PROFESSIONAL

Gregory D. Jones, Jr., Ph.D. is a Professor in the Theology Department at Duquesne University. He is in the process of publishing a book with McFarland & Company which examines how a play theology of religions navigates the dialogical problems of the interreligious encounter. Greg also published a related article in Religions journal, and contributed a chapter to The World of Final Fantasy VII. He holds a Ph.D. in Systematic Theology from Duquesne University, an M.A. in Theology from Pittsburgh Theological Seminary, a B.A. in Broadcast Journalism and English from Virginia Tech, and two decades of experience in Broadcasting/Digital Communications, teaching Sunday School, and Youth Ministry. His top research interests involve exploring the theological value and meaning of play experiences, the interplay of religion, media, and popular culture, and interreligious relationality.

PRESENTATIONS

Insights from theology, media studies, and pop-culture explain how virtual world platforms cultivate "Play-I" (human awareness; humane interaction) for using technology to tell our human stories, and not just the information of technology that is more extractive than it is either artificial or intelligent.

The obscure John Wraith expresses (X-presses) a similarly obscure vantage point within the notably diverse X-Men: the black theological presence. Wraith’s obscurity and untouchability also frames how his words and his actions offer black theological commentary on mutant culture. Each facet of John Wraith illustrates the concept of X-pression: how X-Men comics provide a creative canvas to meaningfully illustrate black theology and other contextual perspectives.

Could the triangle, square, cross, and circle action buttons of the Sony PlayStation controller be a pop-culture symbol for a unified spiritual and theological framework for interpreting reality?
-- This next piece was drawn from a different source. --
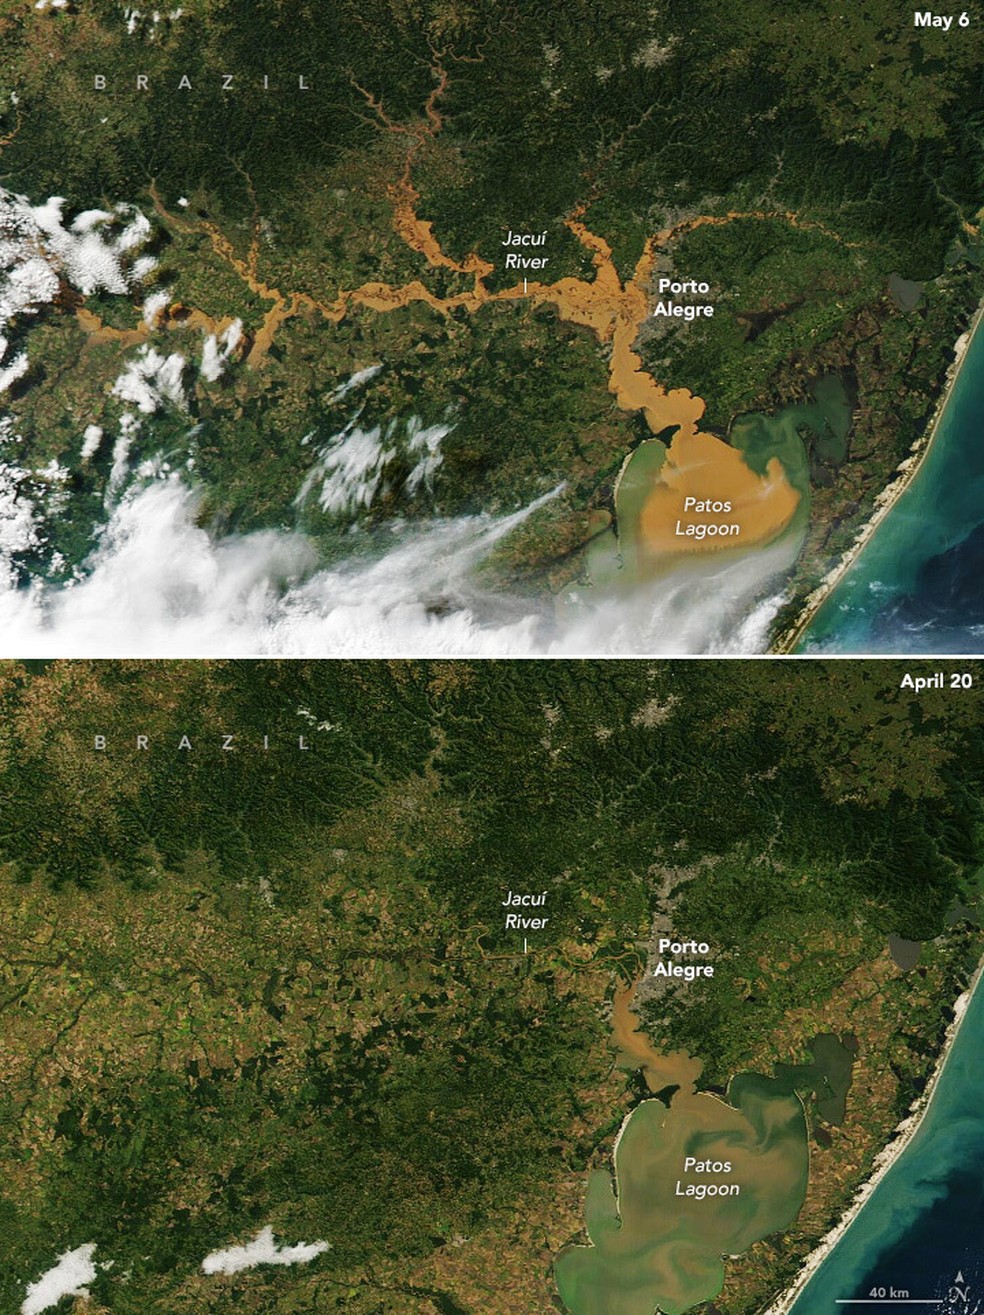 Imagens do sistema Modis, da Nasa, mostram a Lagoa dos Patos e rios gaúchos depois e antes da cheia — Foto: Modis-Nasa/Divulgação

This paper explains how pressing each button symbolically “plays out” a particular response to a media environment, by combining the dimensions of play theology with symbols that express the meanings of key insights from several religions.

Jesus's Matthew 22:21 teaching frames a practical and doable schedule of "data balkanization" that prevents having your data belonging in one place, to one company, to do with what they please. Significance: Taking back our digital data from Big Tech is something everyone can do, as an act of protest, self-preservation, and resistance against the powers of the anti-democracy oligarchy.